Fred left, and I switched on some lights in the lounge.
“You saddled with that bore?” said Charley.
“I don’t see much of him,” I said.
“I’m sorry I’m so late. I got here as soon as I could. I called this number but it didn’t answer.”
“That’s all right. I guess Roland had the buzzer turned off.”
“Hell of an imposition, taking you away from golf and so forth. How is Kay?”
“Very distressed, naturally. She said to give you her love.”
“I almost asked her to come in with you.”
“She almost came,” I said. “But she has her grandchildren coming tomorrow.”
He was silent, obviously wondering where to begin.
“Take your time,” I said.
He looked up at me and smiled. “Thanks.” He reached over and patted my knee. “Thanks for everything, Jim.”
“Well, what the hell?”
“First, why did I want to see you here? Because I didn’t want to ask you to come to the apartment, and I didn’t want to go to the Racquet Club.”
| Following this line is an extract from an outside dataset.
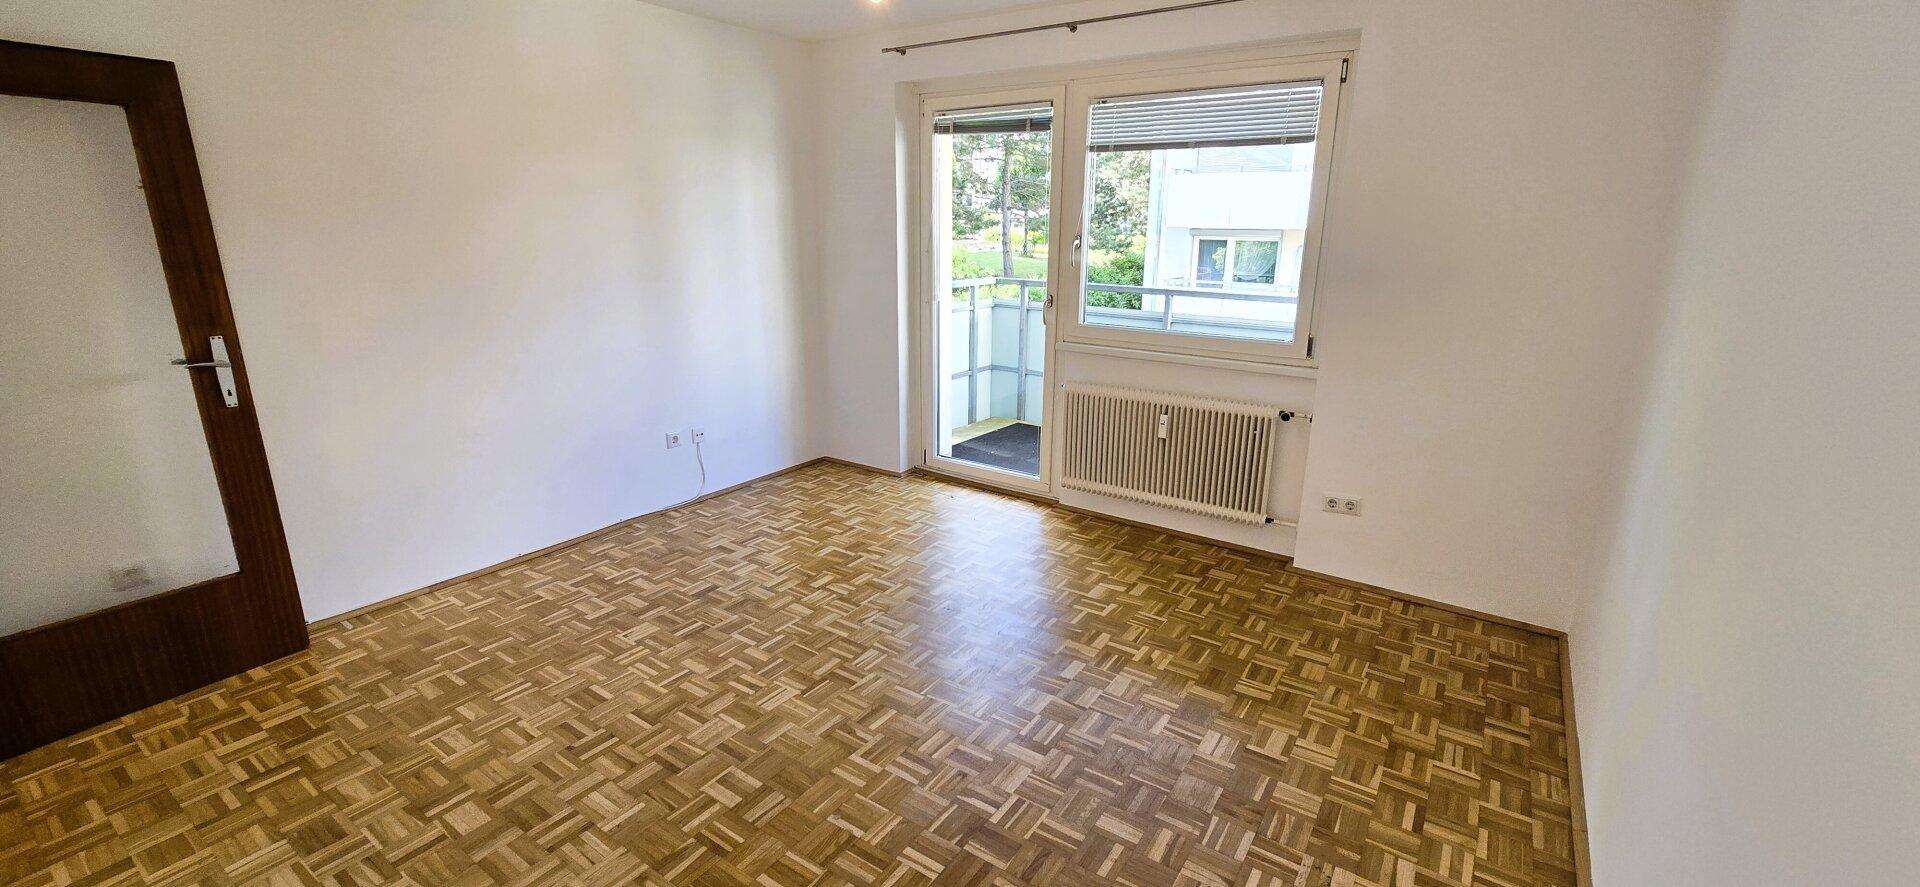 Komfortable 1-Zimmer-Wohnung mit Balkon in Wien Döbling

“I figured something like that.”
“How did it happen, and all that? Nancy and I were spending the weekend at her uncle’s. We went out to dinner last night, and when we came home she said she had a headache, so I gave her some aspirin. This morning she
still had the headache and I asked her if she wanted me to send for a doctor, but she didn’t. She said she hadn’t slept very well, and I probably should have called the doctor, but I didn’t. Then there were four guests for lunch and I didn’t have a chance to speak to her. In fact the last thing I said to her was before lunch, I told her that if she didn’t feel better after lunch, she should make her excuses and lie down. And that’s what she did. She excused herself, shook her head to me not to follow her, and about twenty minutes later the maid came and told us she was dead. Found her lying on the bathroom floor. I can’t believe it. I can’t be devoid of feeling, but I just can’t believe it.”
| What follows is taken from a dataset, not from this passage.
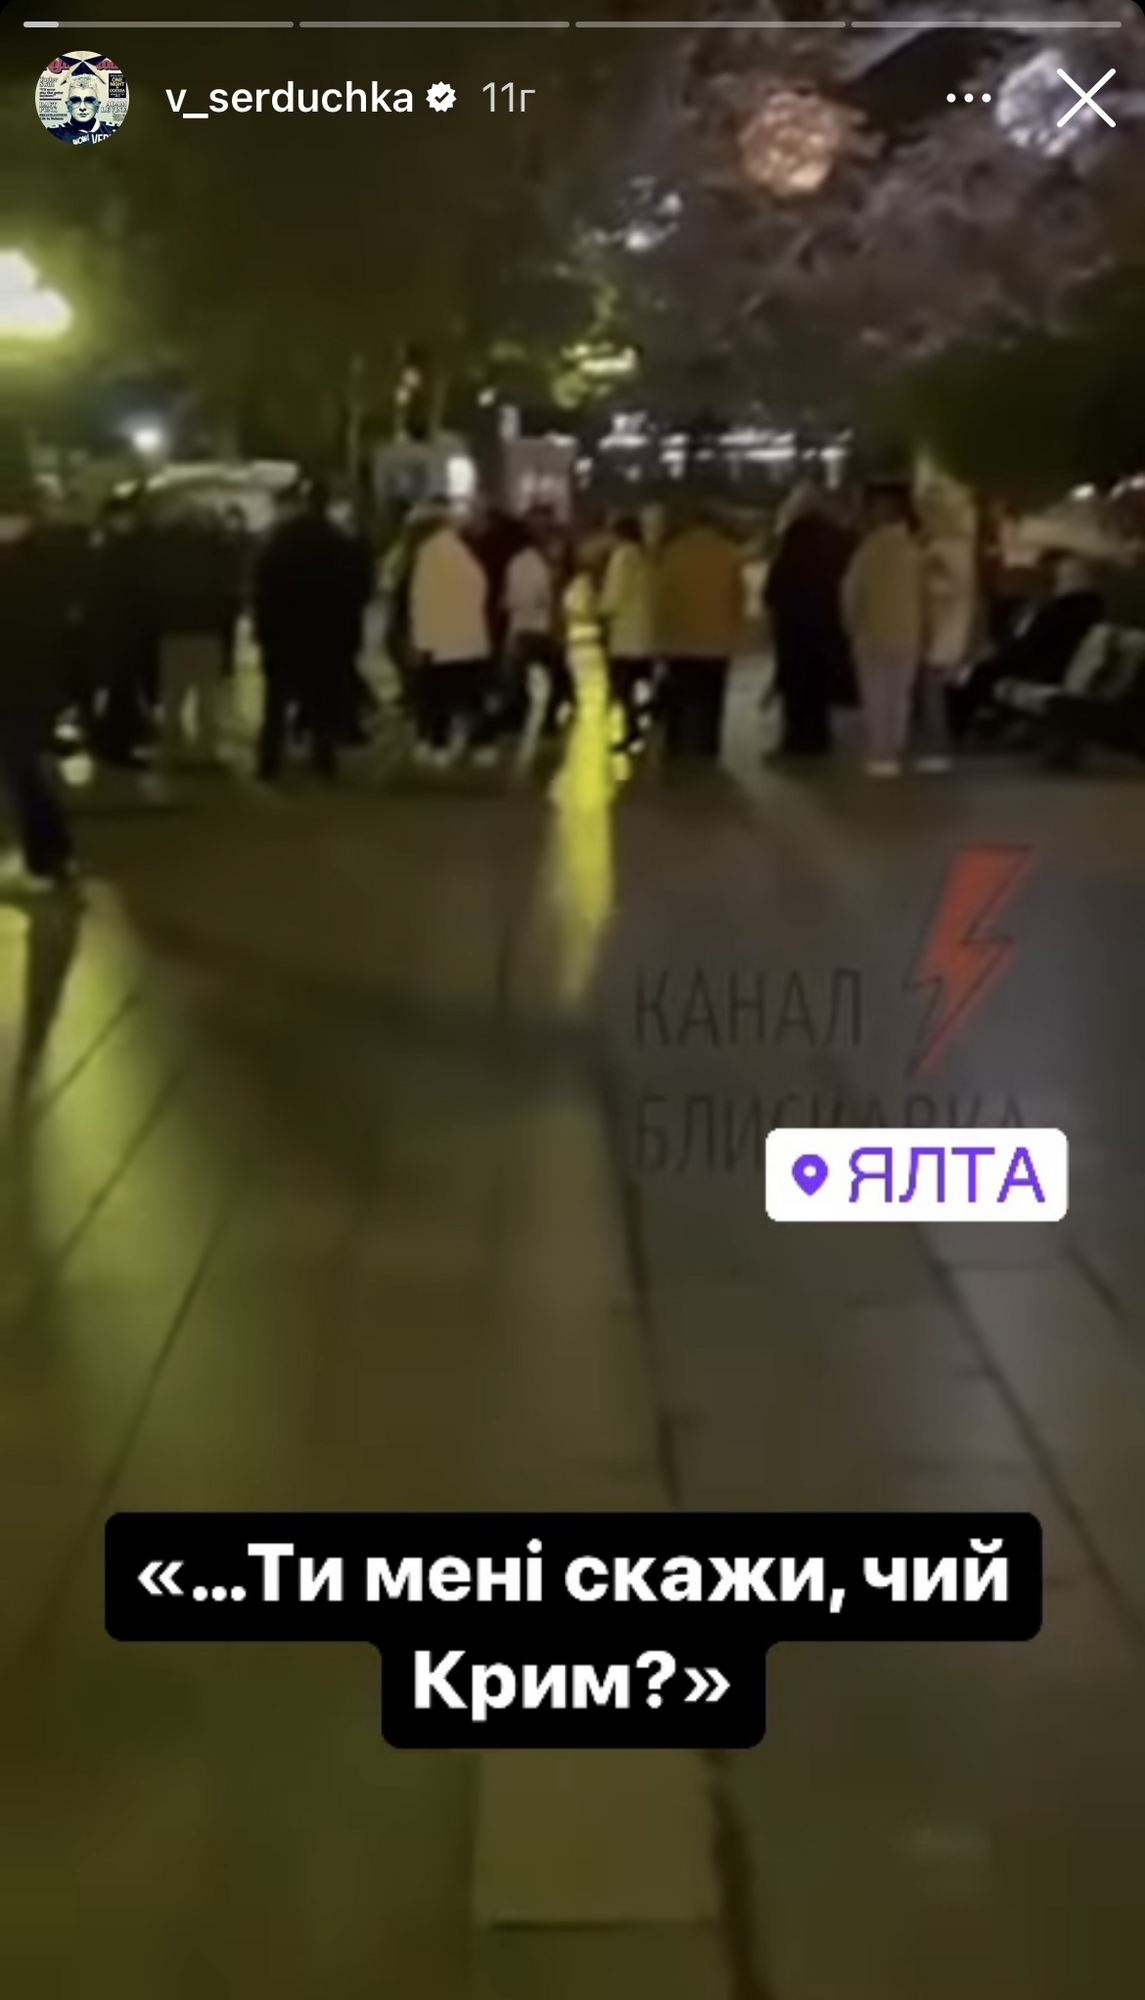 В Ялте люди зажигали под хит Сердючки "Ще не вмерла Україна, если мы гуляем так": оккупанты заставили извиниться "диджея"

“Did the doctor give you anything?”
“You mean sedative? Tranquilizers? No, I haven’t needed anything. I guess I must be in some sort of shock.”
“Where are the children?”
“Well, of course Mike is in Germany, still in the Army. And I finally located Janey about an hour ago, at a house in Surrey where she’s spending the weekend. She’s been abroad all summer. She’s flying home tomorrow and Mike has applied for leave. The Army or the Red Cross or somebody will fly him home in time for the funeral.” He paused.
“Wednesday morning at eleven o’clock. Church of the Epiphany, on York Avenue. I decided Wednesday so that Mike could be here, in case there’s any hitch.” He looked about him. “You couldn’t ask for a gloomier place than this, could you?”
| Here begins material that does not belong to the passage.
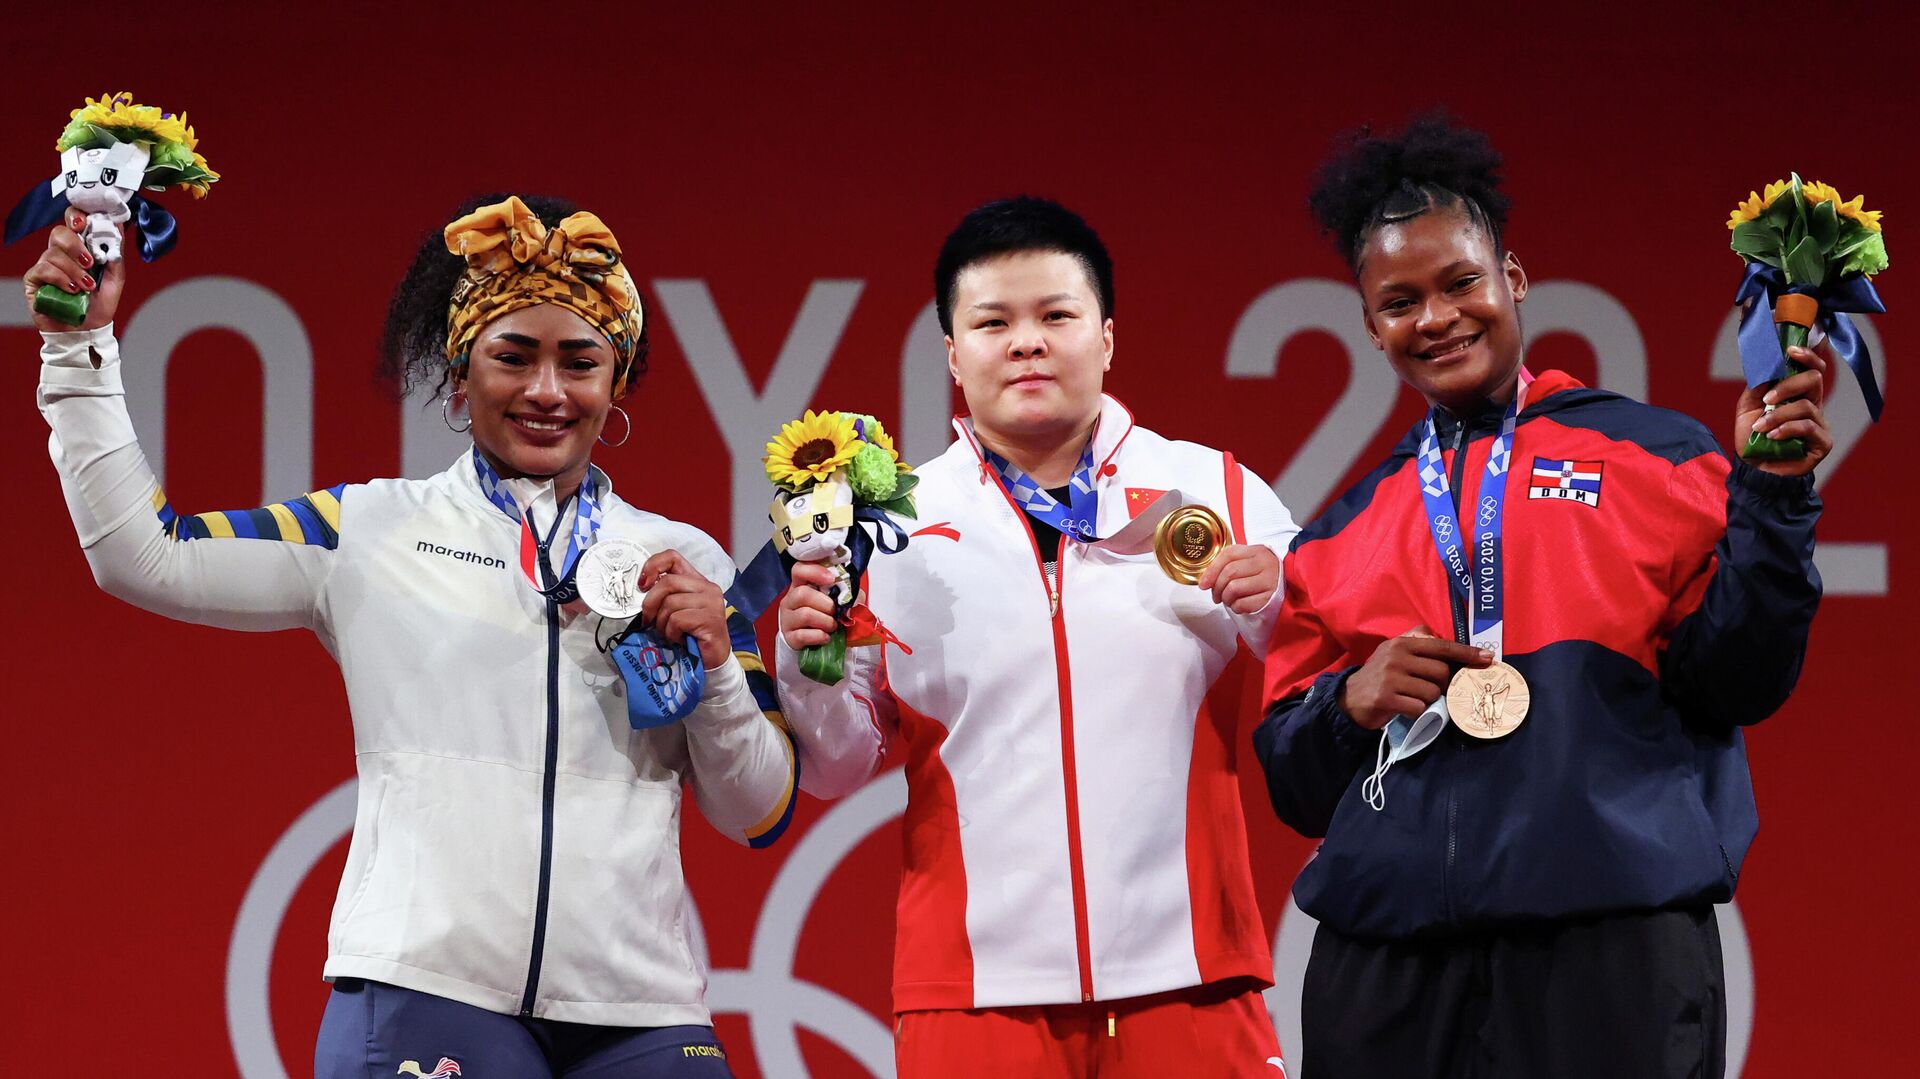 El medallista de oro Wang Zhouyu, de China, la medallista de plata Tamara Salazar, de Ecuador, y la medallista de bronce Crismery Santana, de República Dominicana - Sputnik Mundo, 1920, 02.08.2021

“No, it’s certainly appropriate.”
“Well, what do I do now, Jim? You’ve been through it.”
“Yes, I’ve been through it. The answer is, you’re going to be so damn busy with details the next few weeks that you won’t have too much time to know what hit you. You’re going to find out how really nice people can be. Maybe you haven’t thought about that lately, but you’re going to find out. You’re also going to find out that some people are shits. Real shits. I’ll give you the two worst. The old friend that won’t make any effort at all except maybe to send you a telegram, if that. You’ll be shocked by that, so you ought to be prepared for it. I mean very close friends, guys and women you grew up with that just won’t come near you. Then there’s the second type, just as bad. He’ll write you a letter in a week or two, and it’ll be all about himself. How sad he is, how well he knew Nancy, how much he appreciated her, and rather strongly implying that you didn’t know her true worth as well as he did. You’ll read one of those letters and reread it, and if you do what I did, you’ll throw it in the wastebasket. But the next time you see the son of a bitch, he’ll say, ‘Hey, Ellis, I wrote you a letter. Didn’t you ever get it?’ So be prepared for those two. But against them, the nice people. The kind people, Charley, sometimes where you’d least expect it. A guy that I thought was about as cold a fish as there is in the world, he turned out to have more real heart than almost anybody. In my book he can never do another wrong thing. The third group I haven’t mentioned. The lushes. But they’re obvious and you can either put up with them or brush them off. The only advice I can give you—keep busy. Don’t take any more time off from your work than you absolutely have to.”